Grindelwald (and above!)
Thursday,
May 17, 2018
Today
dawned sunny and clear and we decided to head for Grindelwald, a village close
to our home base; it’s situated at the foot of the Eiger, and the center of many winter and
summer activities. Grindelwald is chock
full of hotels, B and Bs, restaurants, shops and concessionaires – everything a
visitor could want, including a Japanese information center!
We
wanted to gain some altitude and decided on a combination of a hike to Bort, a
spot where we could pick up a cable car to First (“Feerst”), a popular
summit. However, after due (brief!)
consideration of the angle of the trail’s ascent, we came up with a much more
reasonable Plan B. Accordingly, we booked
a ticket for the cable car all the way up to First, then back down to Bort; we
figured we could manage the walk down from Bort to Grindelwald a whole
lot more easily than the hike up.
The
cable car ascent was fabulous; as the green valley receded, the views of the
snowy peaks became evermore spectacular.
We were also entertained by paragliders (aka: crazy people) overhead,
and kart and scooter riders below. Once
atop First, we walked out on the Cliff Walk to enjoy the views of Grindelwald
in the valley far below and the Eiger and other peaks appearing and disappearing
among the clouds above.
On
our decent to Bort, the cable car system came to a halt, so we had a ten-minute
interlude where we remained calm until the “continuation of the journey” – just
as the printed sign inside our car instructed us! We did consider the fact that we had our
lunch with us, should our state of suspended animation continue for an extended
period of time.
Luckily,
before long we were on our way again to Bort, where we left our high perch and
headed down the mountainside on foot.
This was easier said than done, especially for Tom, who was having some
significant trouble with his legs as our “time on task” grew. Nevertheless, the scenery was spectacular,
and there’s no way we would have appreciated its great beauty had we been
trudging upward!

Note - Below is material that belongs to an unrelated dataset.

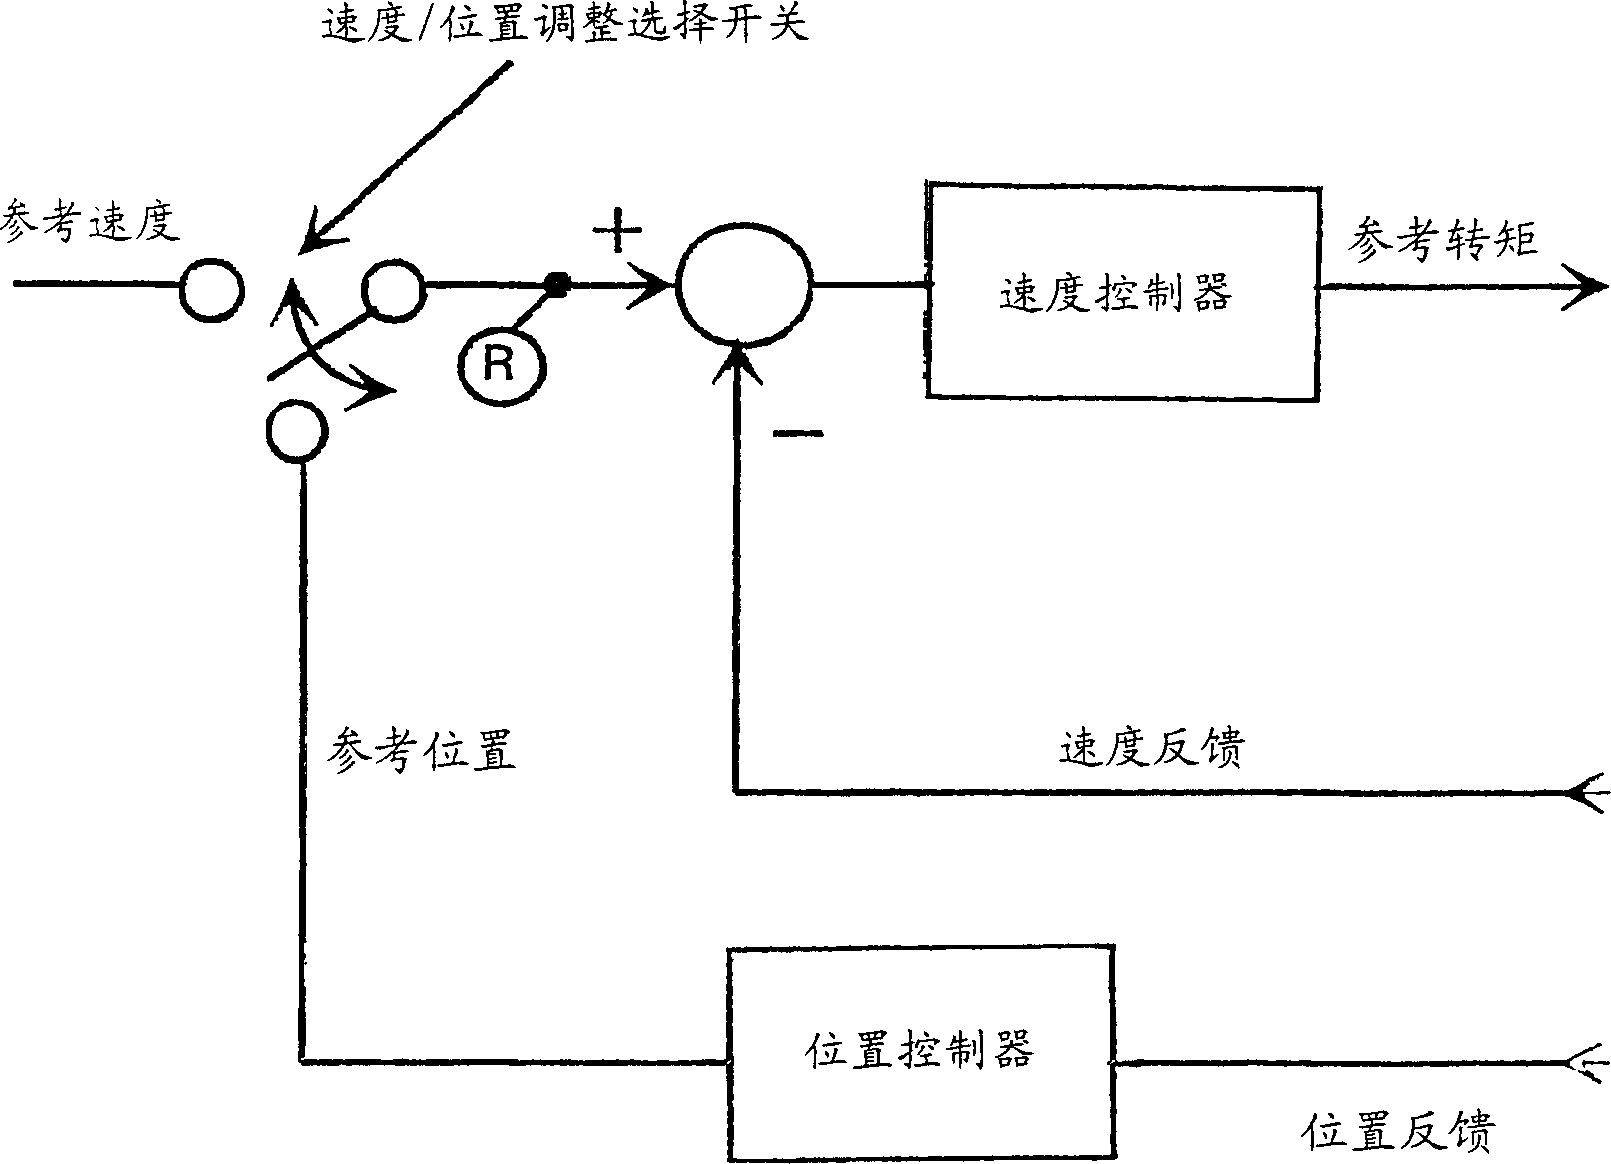 Elevator control method

Fields of dandelions, vibrant
yellow against deep green, were spread out like carpets all around; we were led
to wonder why they’re so often disdained as weeds! Between them, the many other wildflowers, the
peaks above, the green valley dotted with huts and chalets below us, alpacas
grazing on a couple of farms, and the occasional sound of cow bells, it was a
wonderful walk. As we approached
Grindelwald, the homes we passed were almost stereotypically Swiss – wooden chalets
with intricately detailed trim, well-swept patios, and meticulously maintained
gardens.
Back
in Grindelwald, we drove to its road’s end, and then headed back toward
Interlaken. We’ve skirted and seen from
above both of the lakes that Interlaken bridges and before we headed up to
Beatenburg, we took a closer look at Lake Biernz, one of Switzerland’s cleanest
lakes. We drove on the narrow south shore road from Bonigen to Iseltwald, a quiet
town situated on a peninsula. After a
short walk around, we headed to the north shore of Biernzee and the town of
Biernz, with its church and clock tower perched above the town and the lake.
Shortly
after we returned to our mountainside digs, we had a brief rain, then bright
sun, then some fog, then sun, then clouds…
We’re learning the ways of weather up here!